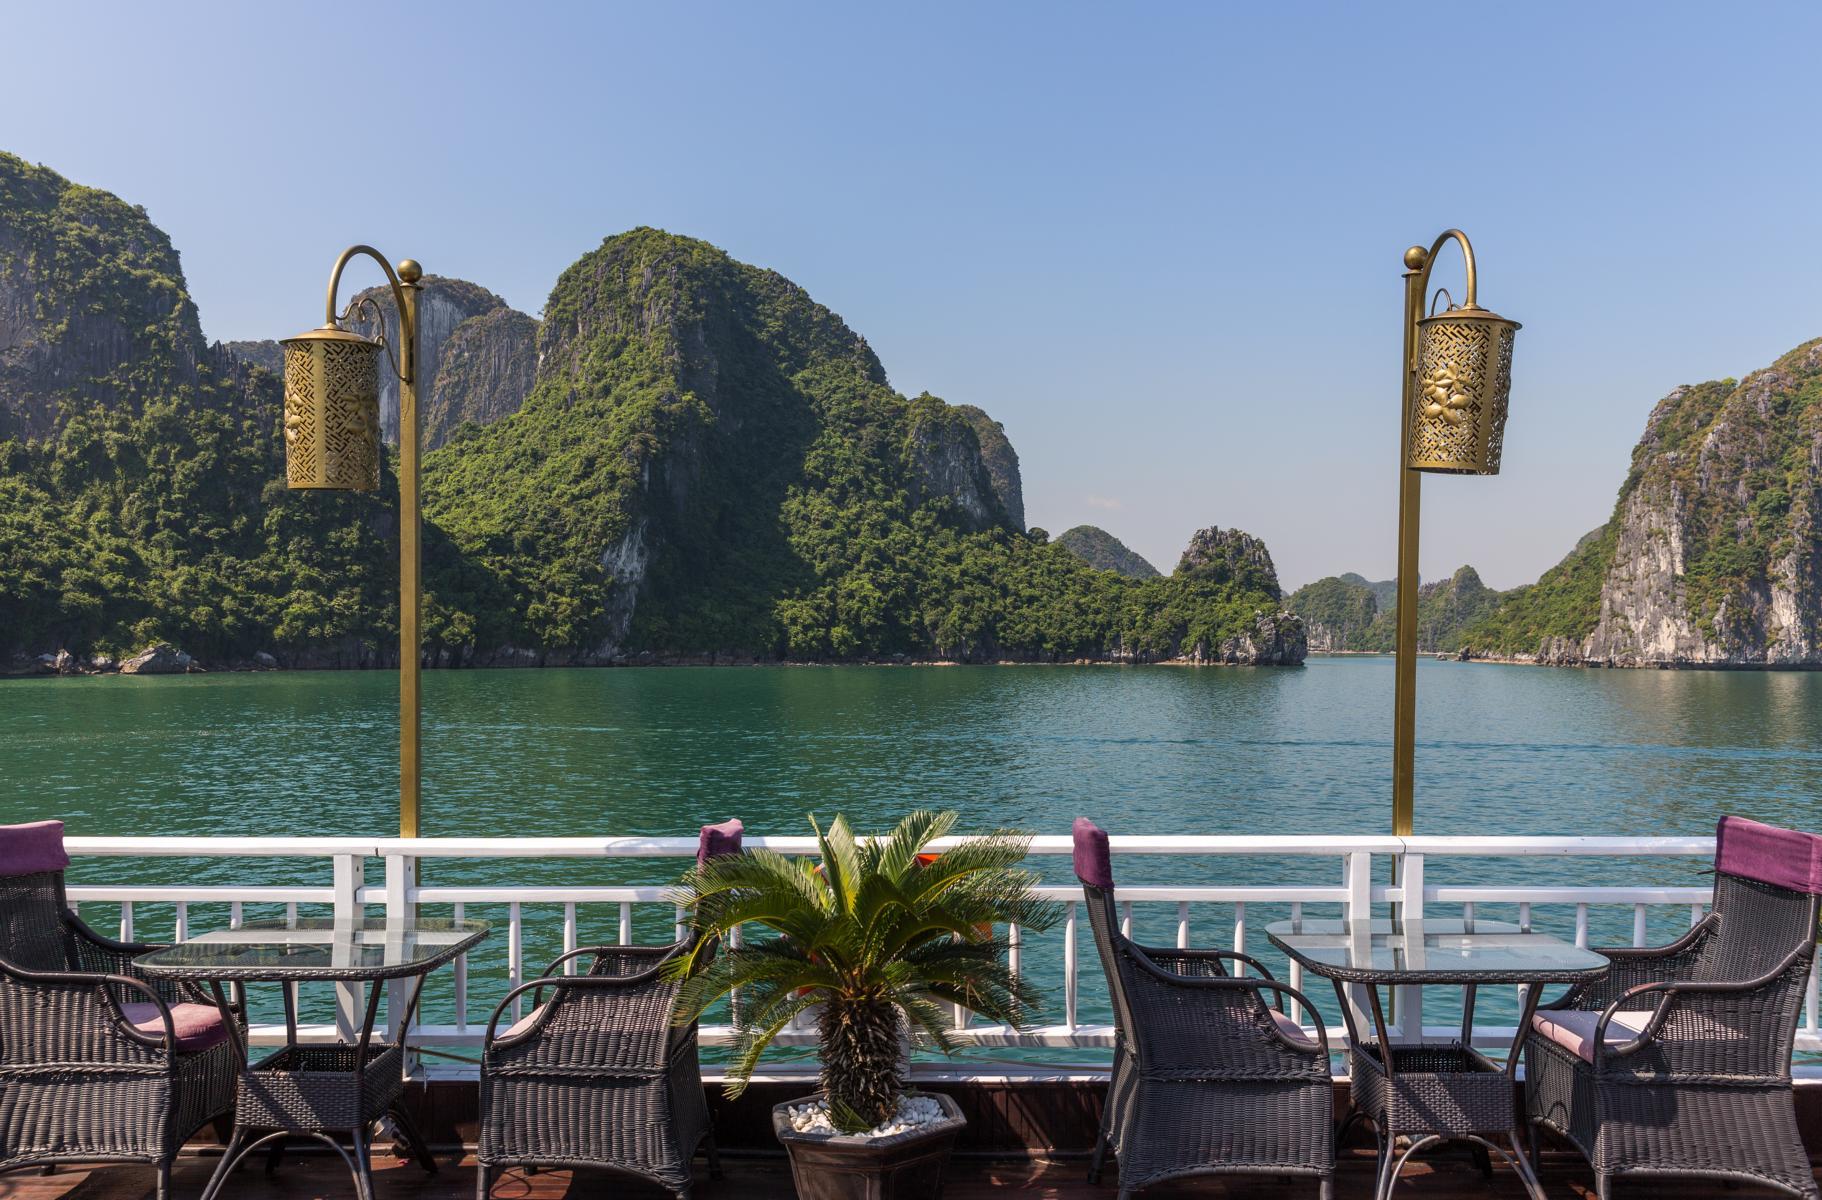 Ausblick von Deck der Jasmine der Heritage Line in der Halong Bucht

* * *

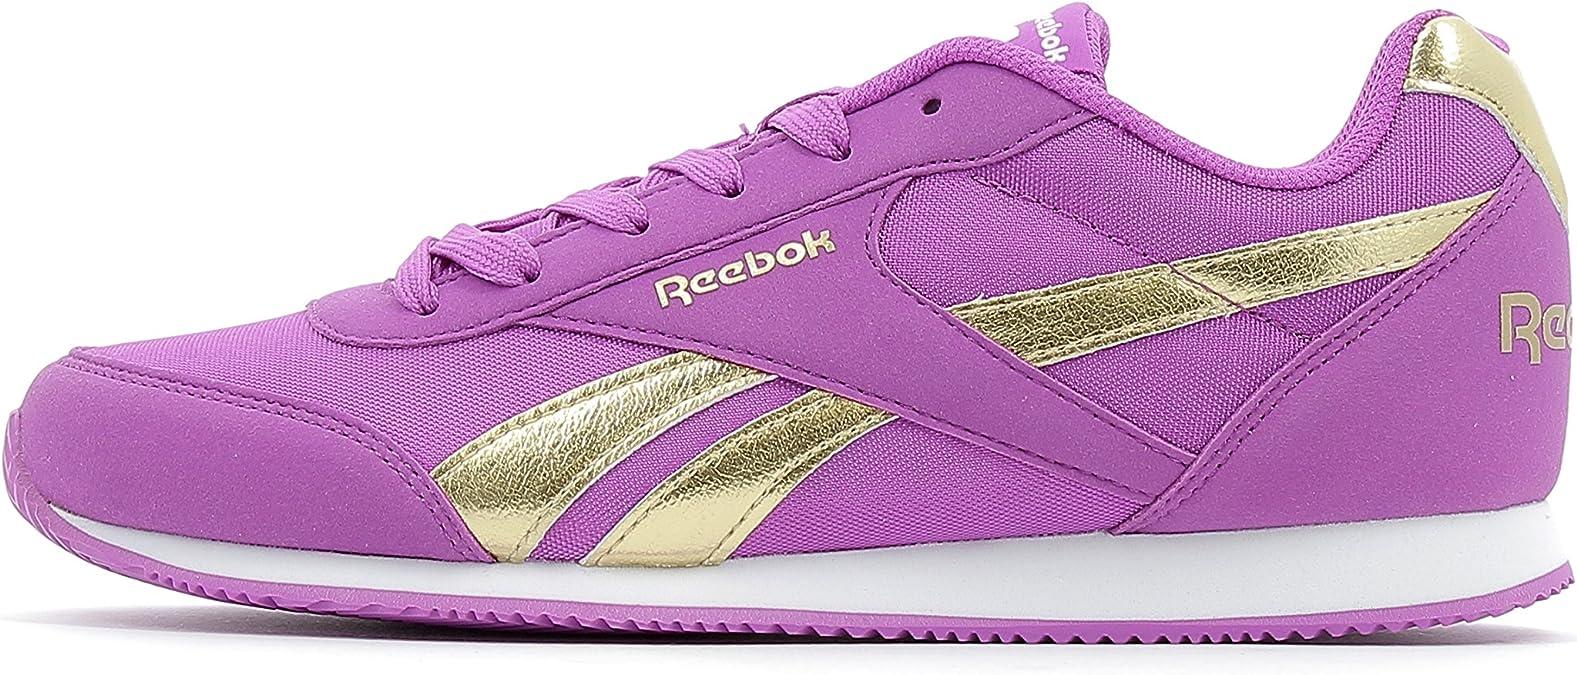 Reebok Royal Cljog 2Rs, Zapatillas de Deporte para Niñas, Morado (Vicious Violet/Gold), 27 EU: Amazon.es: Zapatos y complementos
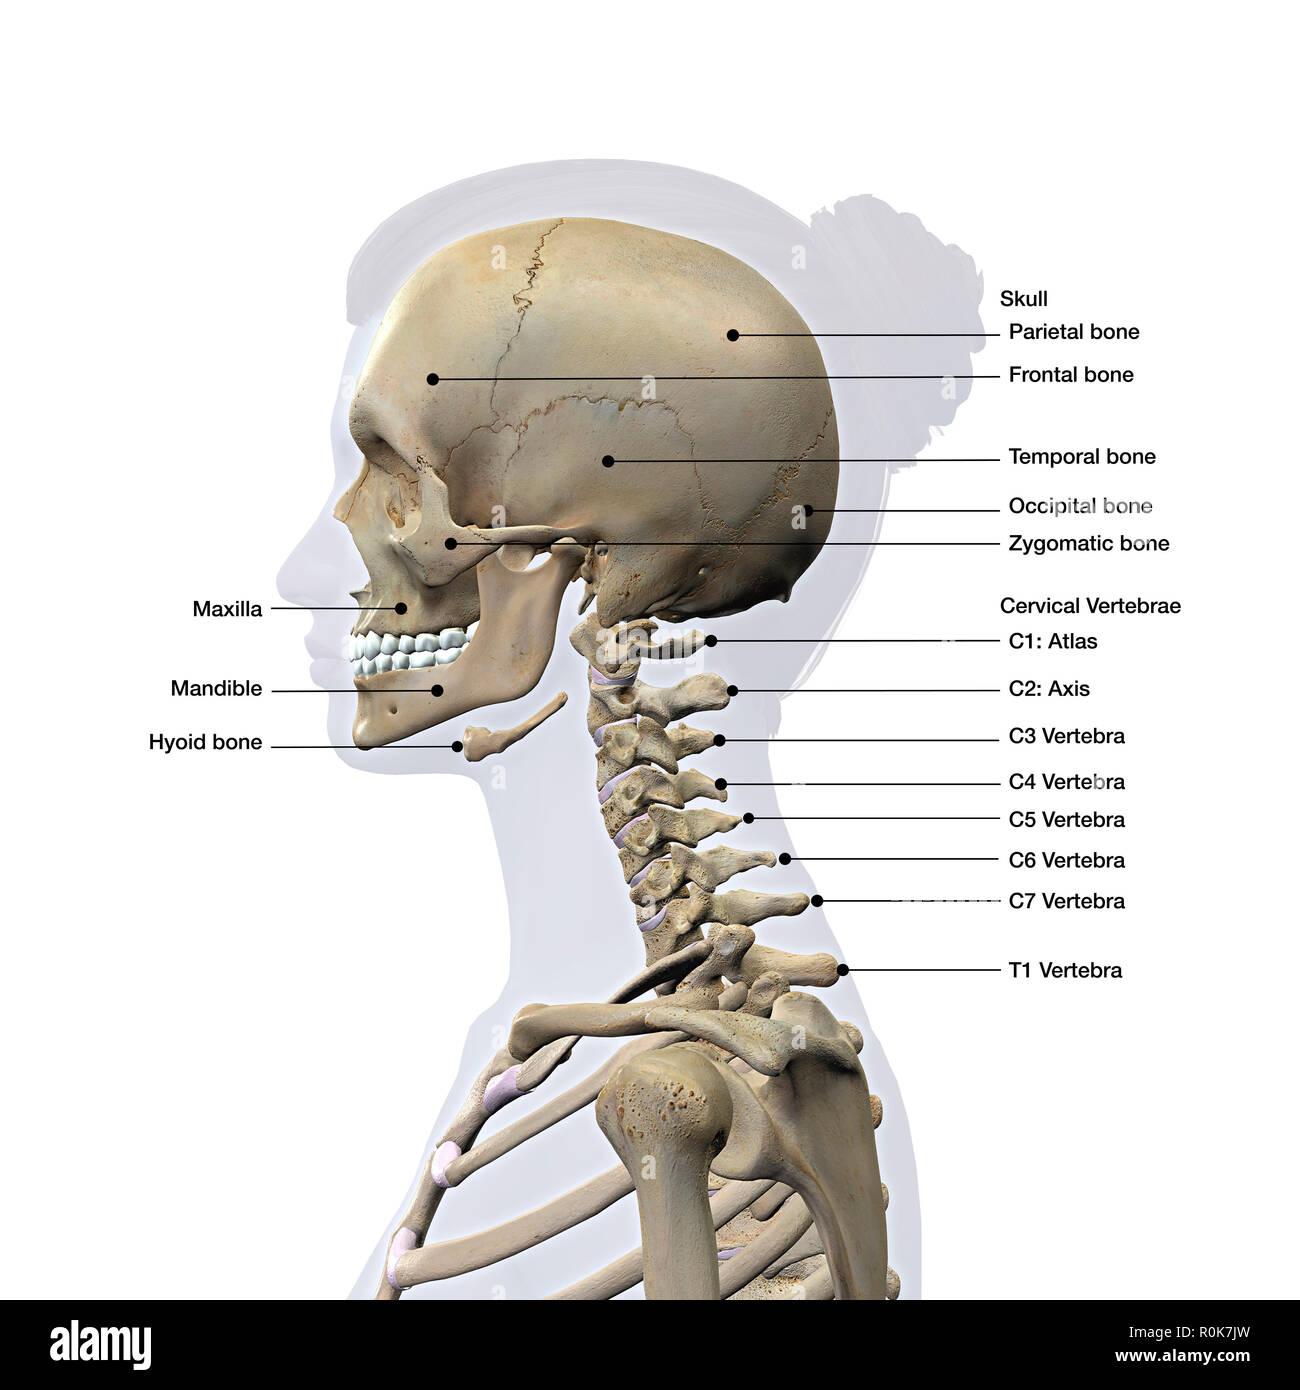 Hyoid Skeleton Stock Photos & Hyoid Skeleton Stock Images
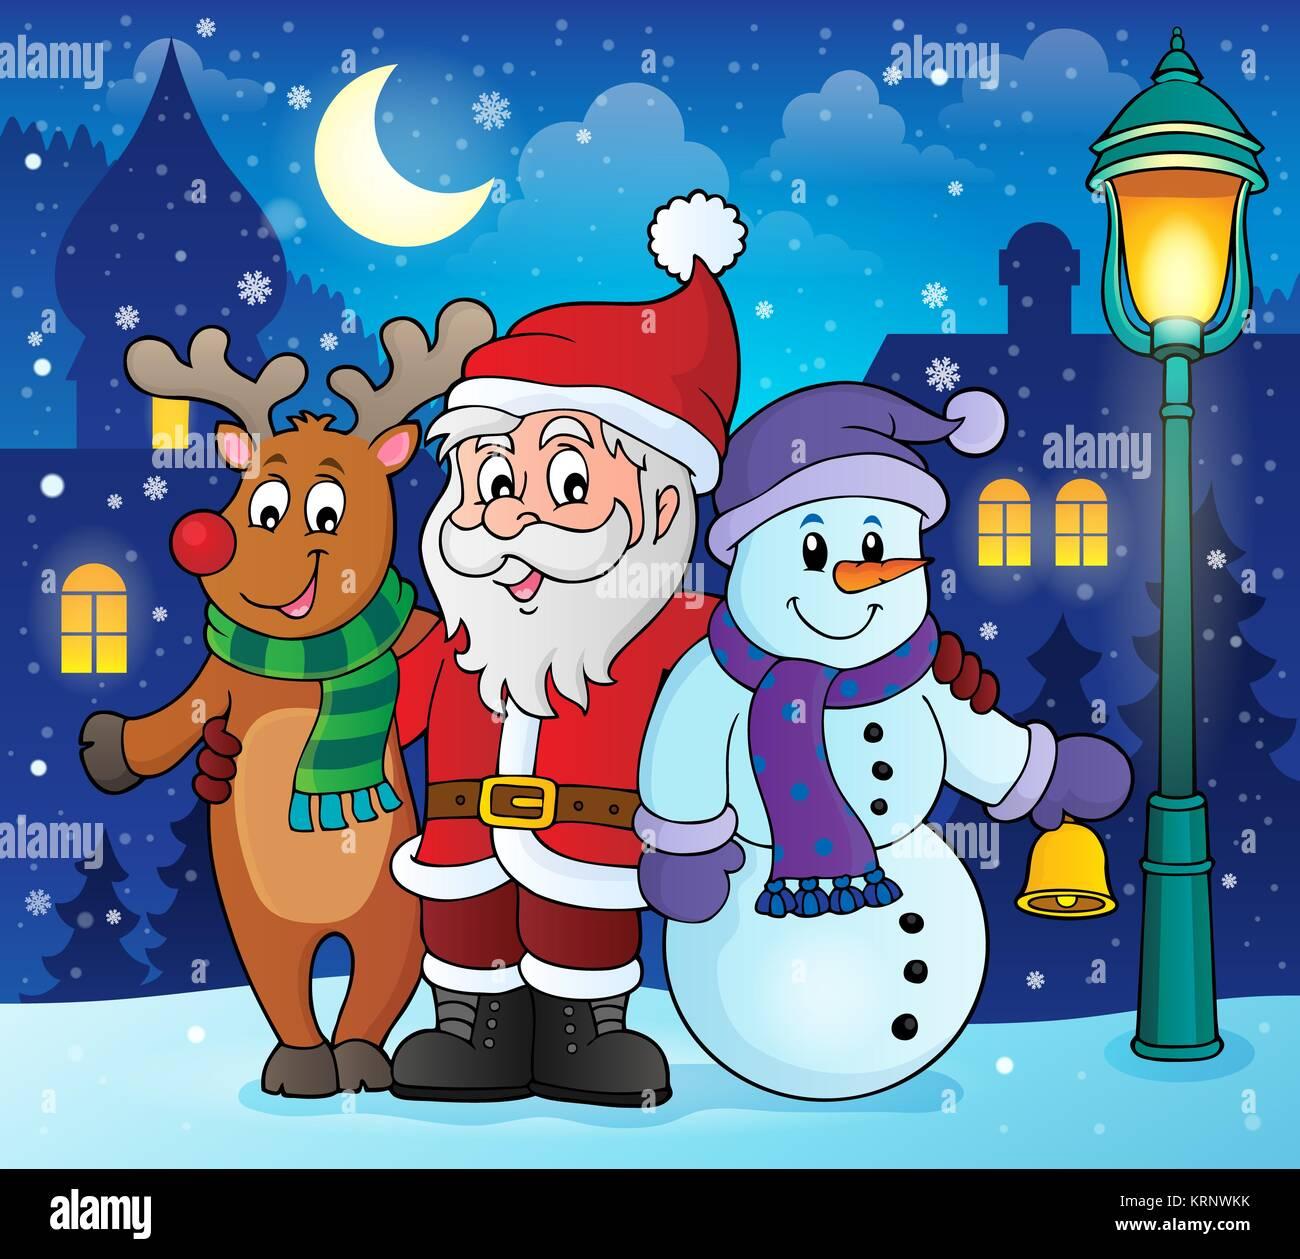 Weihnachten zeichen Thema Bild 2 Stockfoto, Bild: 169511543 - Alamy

---

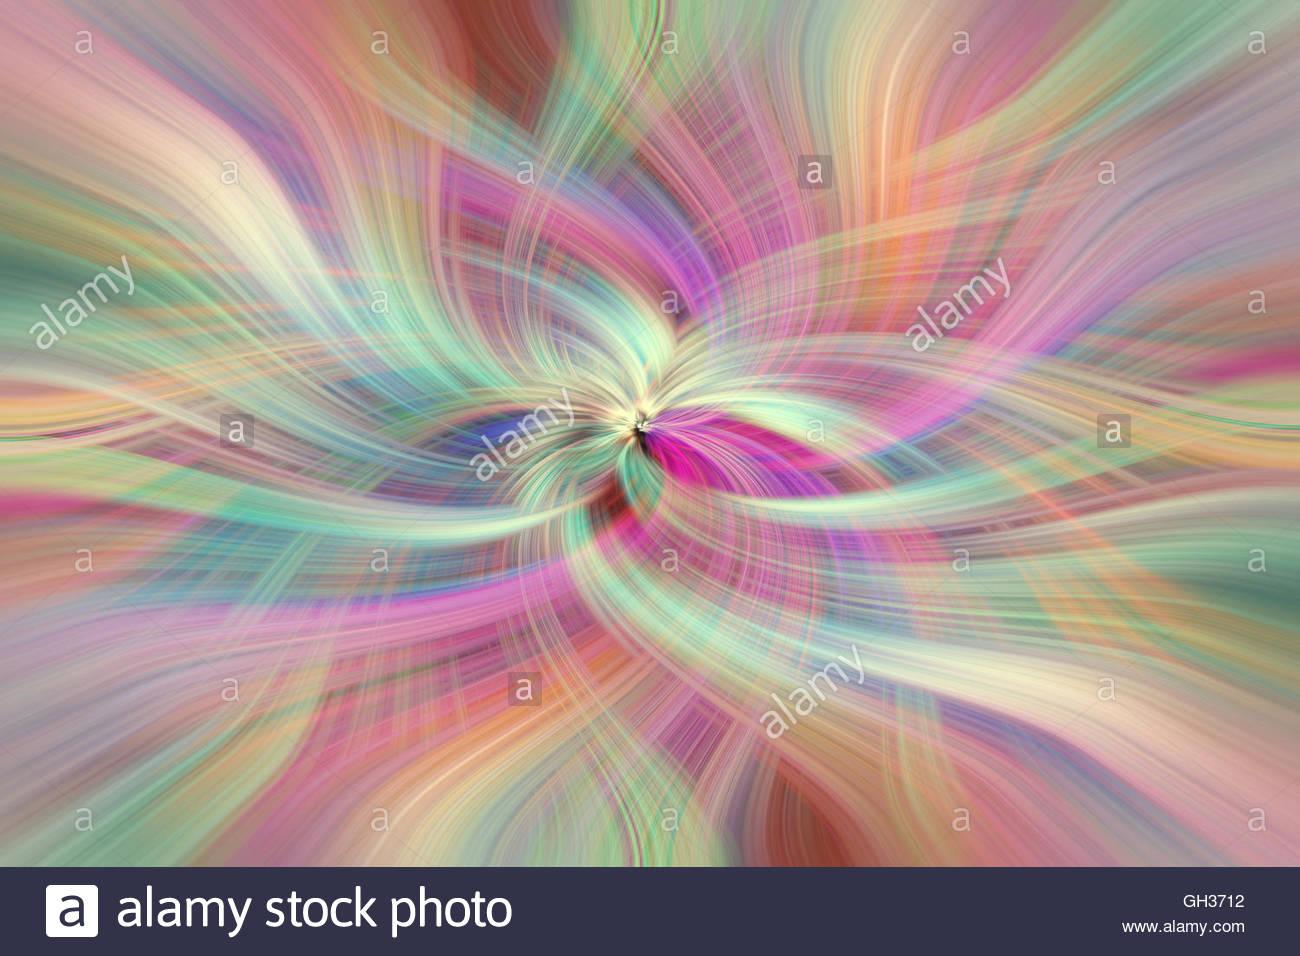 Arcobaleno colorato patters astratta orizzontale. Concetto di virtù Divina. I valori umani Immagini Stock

> _YOUR OBJECTIVE_
With the pictures removed from your copy, retype the lines above from the one that contains "Hyoid Skeleton Stock Photos" through the one that contains "Weihnachten zeichen Thema", exactly.

> _RESPONSE FOR THIS EXERCISE_
 Hyoid Skeleton Stock Photos & Hyoid Skeleton Stock Images
 Weihnachten zeichen Thema Bild 2 Stockfoto, Bild: 169511543 - Alamy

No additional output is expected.